__What you will do__.
Output the listing exactly, without its pictures.

__Data block__.
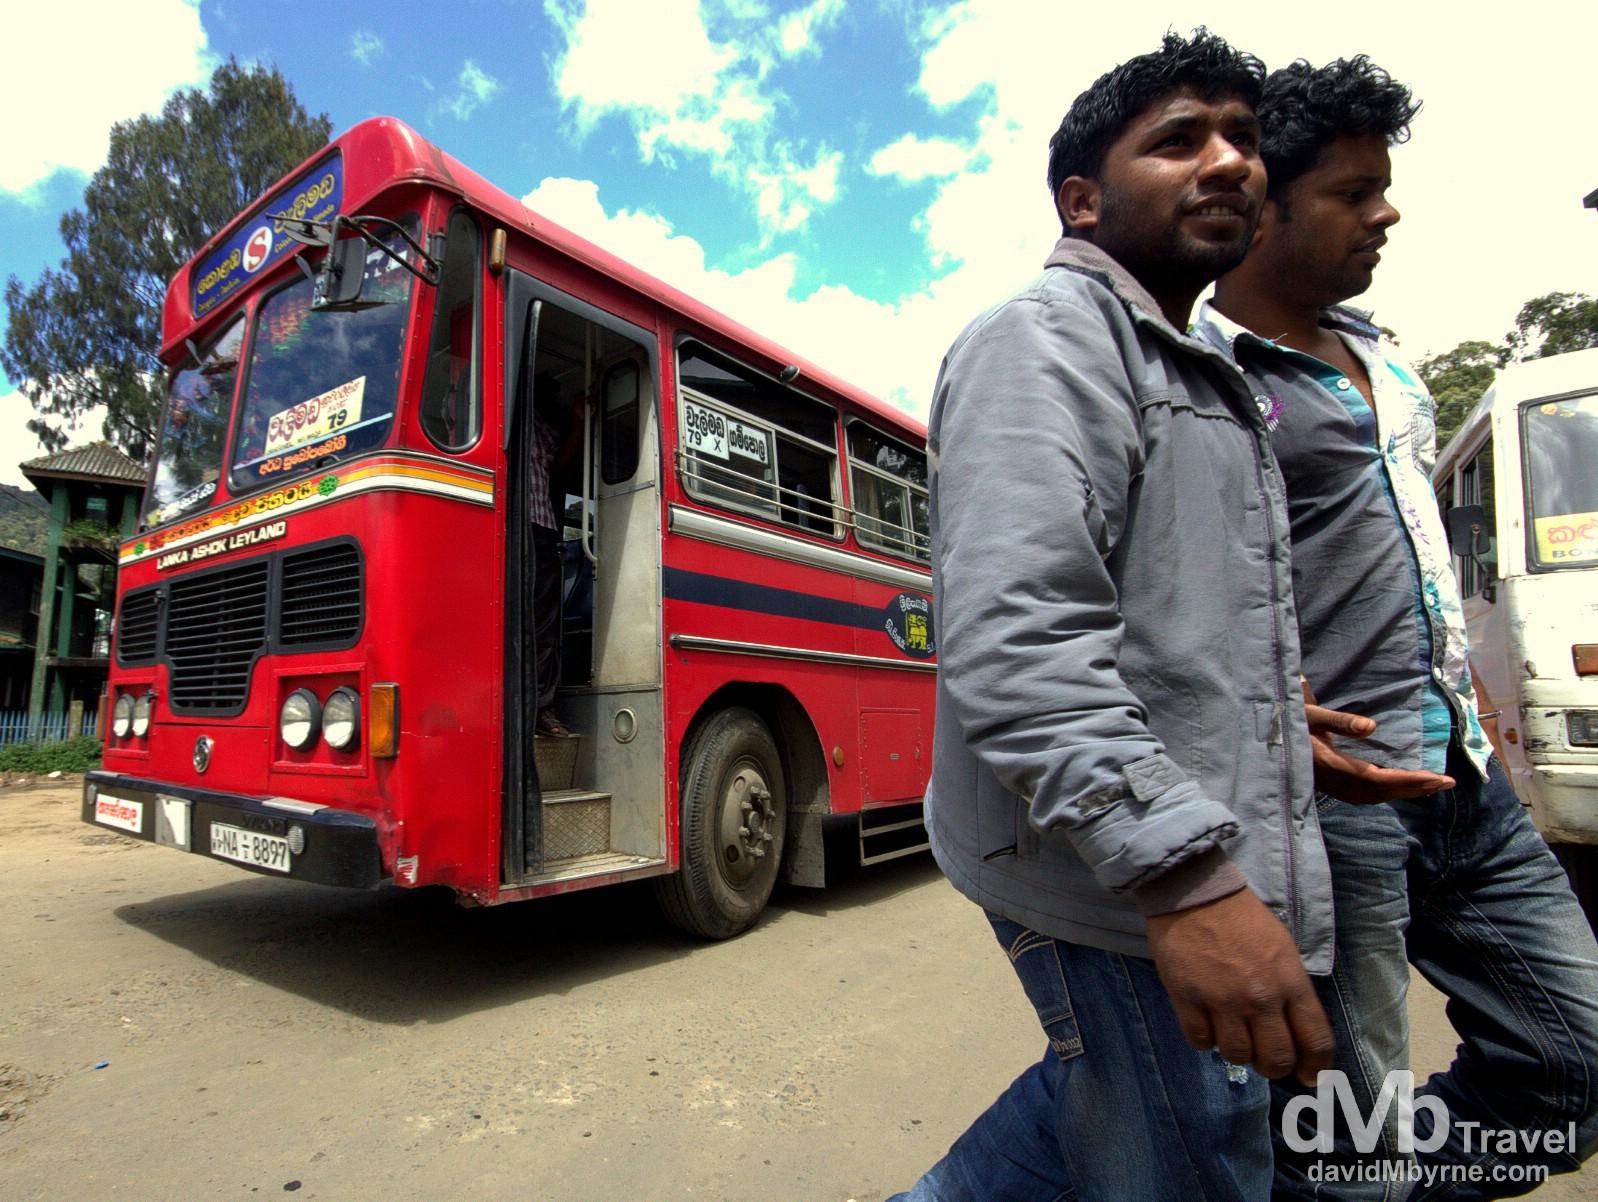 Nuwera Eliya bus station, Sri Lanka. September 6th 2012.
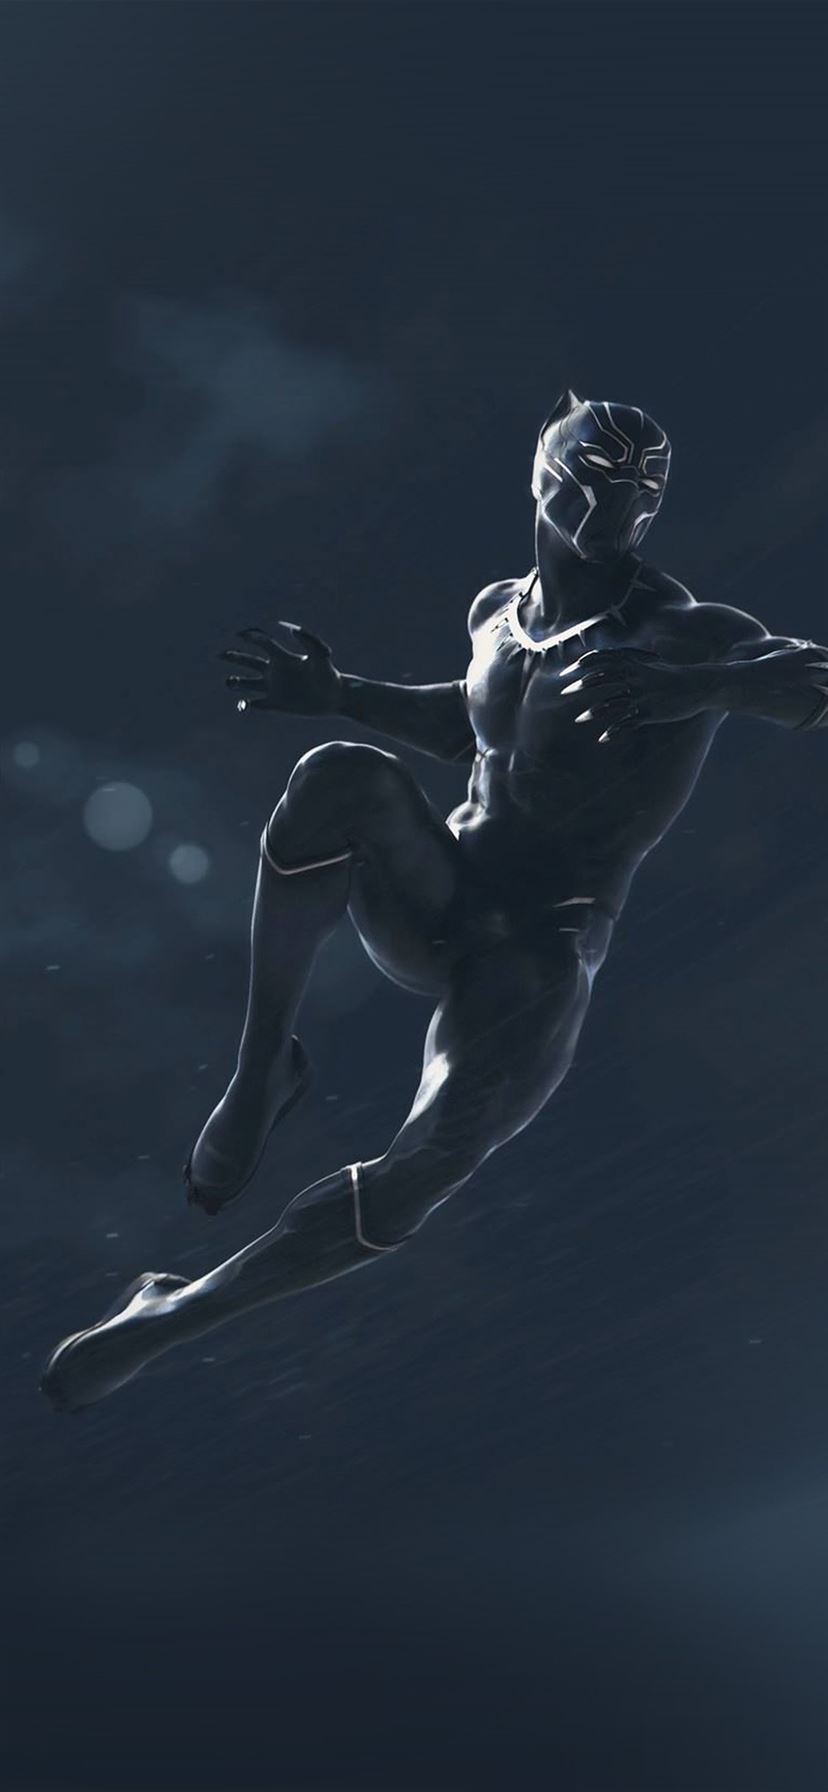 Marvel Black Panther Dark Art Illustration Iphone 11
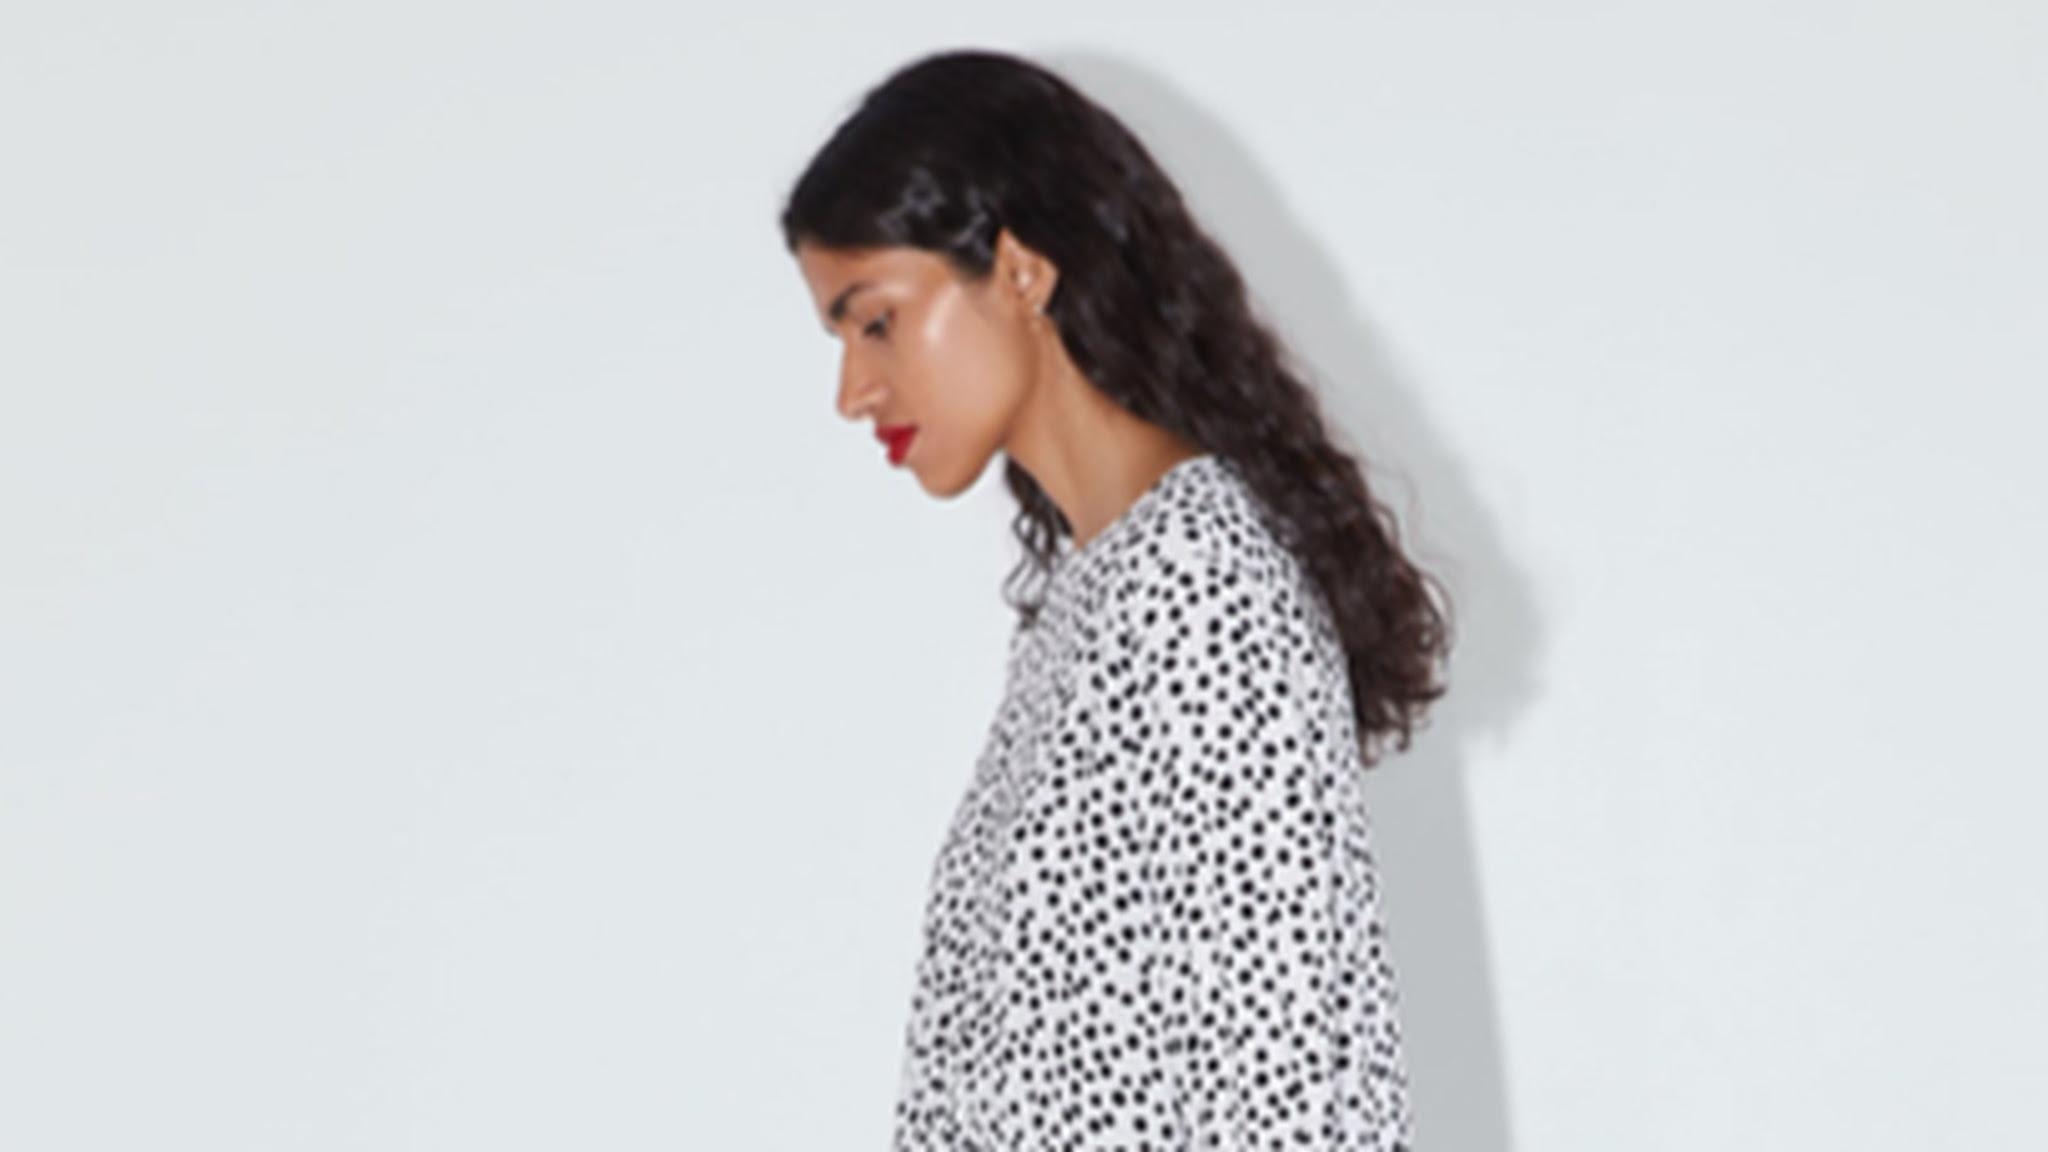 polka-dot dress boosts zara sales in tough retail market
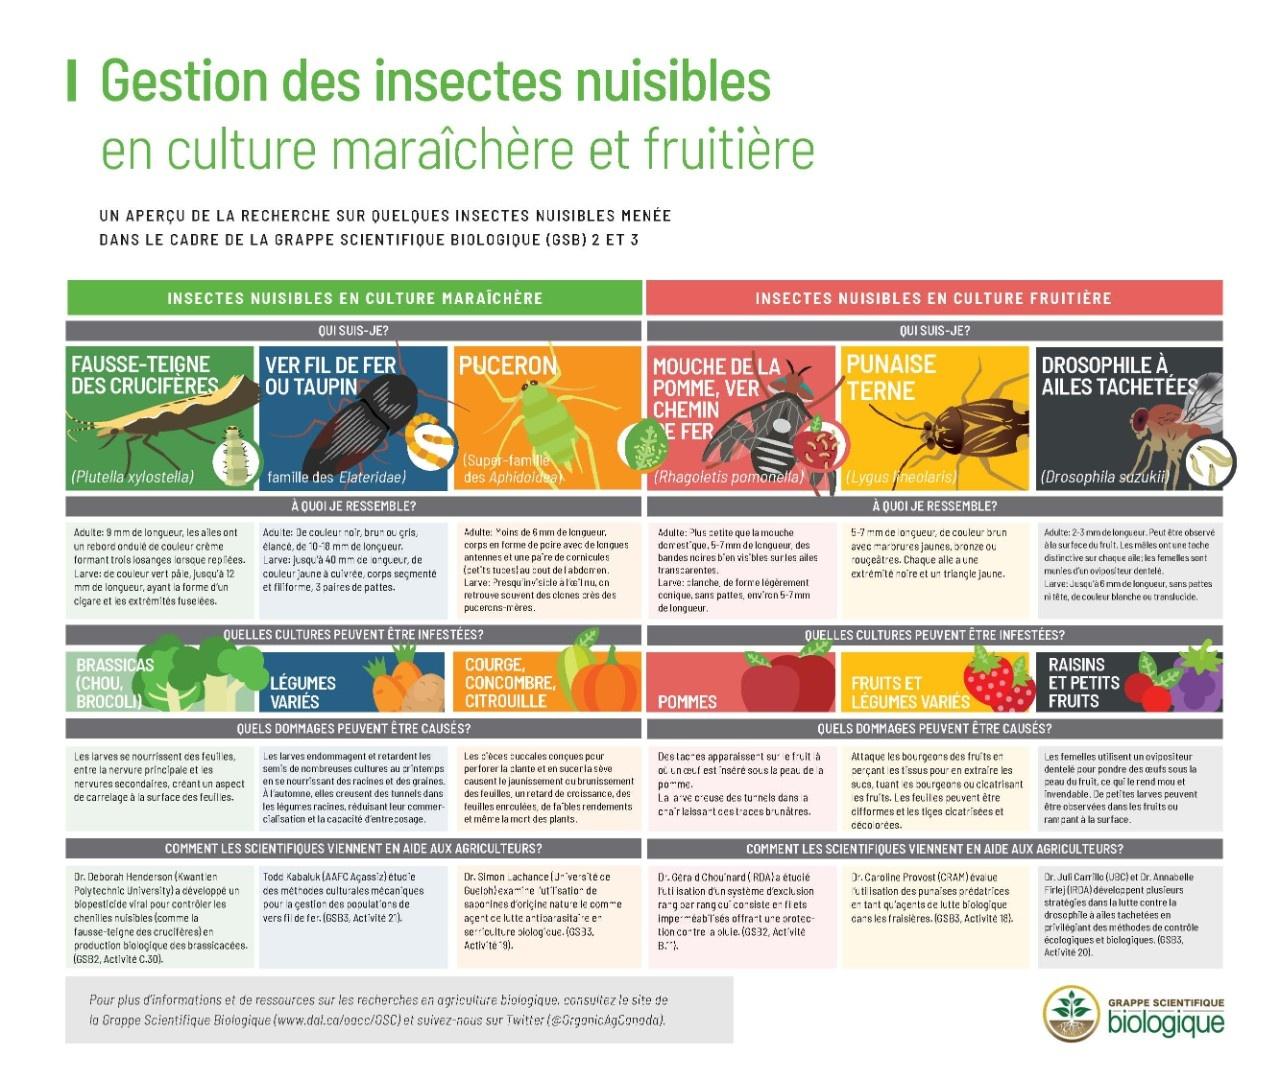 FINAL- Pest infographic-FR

__Expected output__.
 Nuwera Eliya bus station, Sri Lanka. September 6th 2012.
 Marvel Black Panther Dark Art Illustration Iphone 11
 polka-dot dress boosts zara sales in tough retail market
 FINAL- Pest infographic-FR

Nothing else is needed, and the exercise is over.